Things like this are a good way to drive away the readership. Only reason I still visit is that the community is still large enough to have interesting discussions around the articles (although the trolling etc is getting worse as time goes on)
(Just wish a few other alternatives would get more active communities)
First of all, the headline is misleading. For it to be true, you'd have to get infected somehow by installing genuine WinRAR and TrueCrypt software you downloaded from trusted (and trustworthy), genuine sources. Now THAT definitely WOULD be a story!
But what do we have instead? Malware writers using typosquatting techniques to get people to install genuine looking software. Now, it's been a while that I've left the malware analysis business, but even back then, well over a decade ago, this would not have made the news anymore. Or is it news because that technique is SO ancient that nobody remembers it anymore?
Damn millennials and their goldfish-dimension long term memory!

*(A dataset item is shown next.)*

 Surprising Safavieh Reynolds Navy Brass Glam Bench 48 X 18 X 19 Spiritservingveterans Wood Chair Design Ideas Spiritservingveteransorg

No, but seriously, what the hell is the news here? That malware authors get nostalgic when it comes to distribution? So Retro isn't just for music and games anymore? Are we going to get file infectors again, too? And hand crafted, self-morphing viruses? That would at least be interesting to analyze again.
We used to have a Bill of Rights. Now, with the rights gone, all we have left is the bill.
Dont't be mean.
"we are all atheists about most of the gods that societies have ever believed in. Some of us just go one god further."

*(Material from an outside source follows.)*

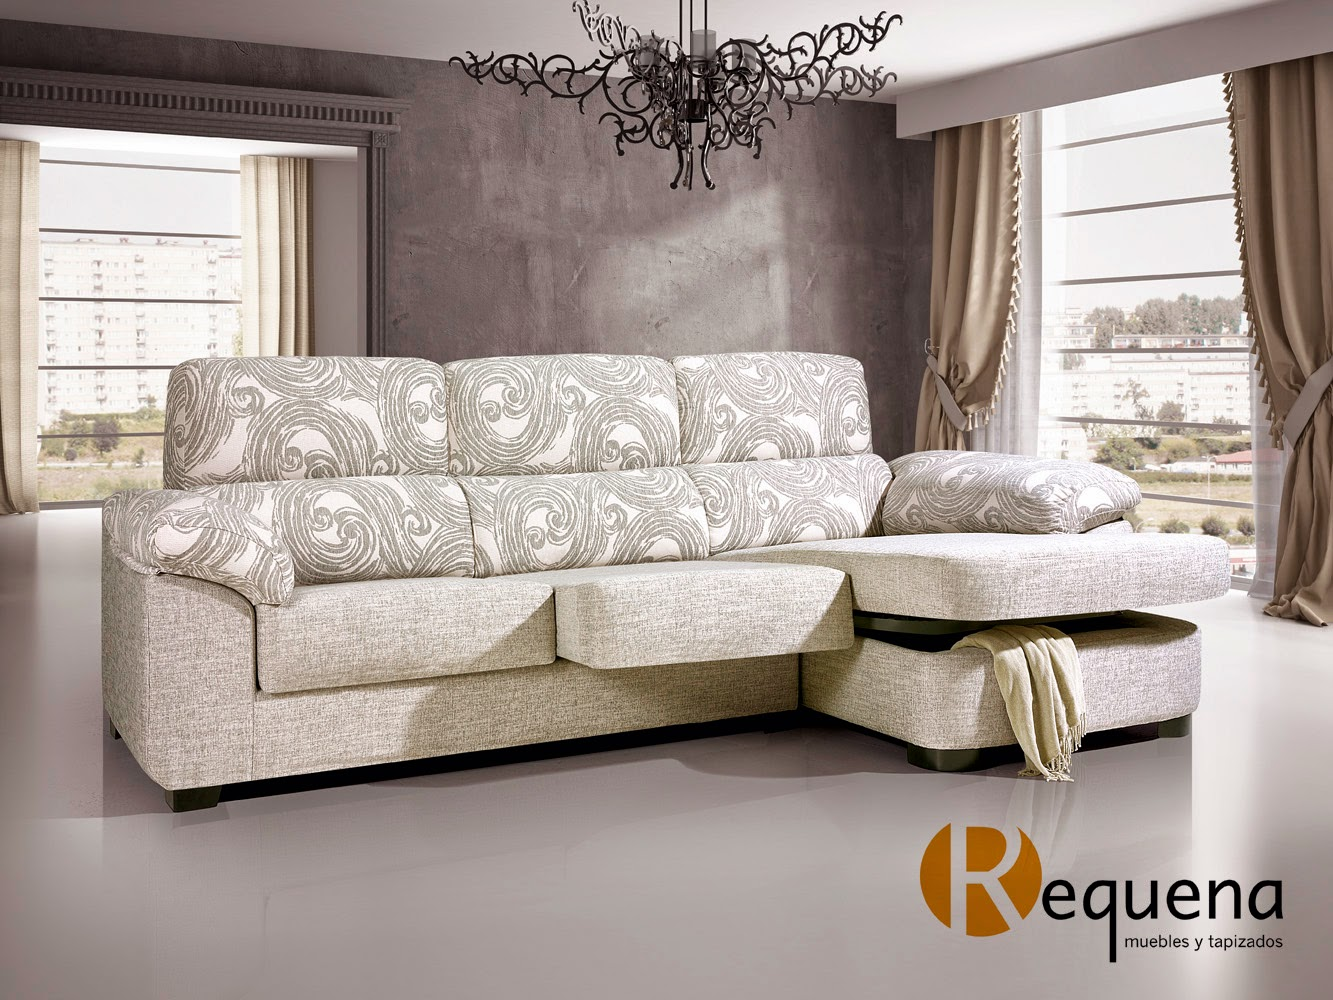 Muebles y tapizados requena liso o estampado c mo - Sofas tapizados en tela ...

Cheers, I haven't seen disk fragmentation myself, but I'll look out for it from now on.
And yes, I think you're correct, I don't think 7zip has any recovery or repair mode, but it does make a "best effort" and in my experience will partially recover damaged archives. Of course, since it will depend enormously on the exact file structure, archive structure, and level of damage, this should be regarded more as an anecdote than advice.
7-Zip has no recovery options. If you're doing backups, but note testing them (which is a classic home scenario), RAR and it's extra recovery data can save you.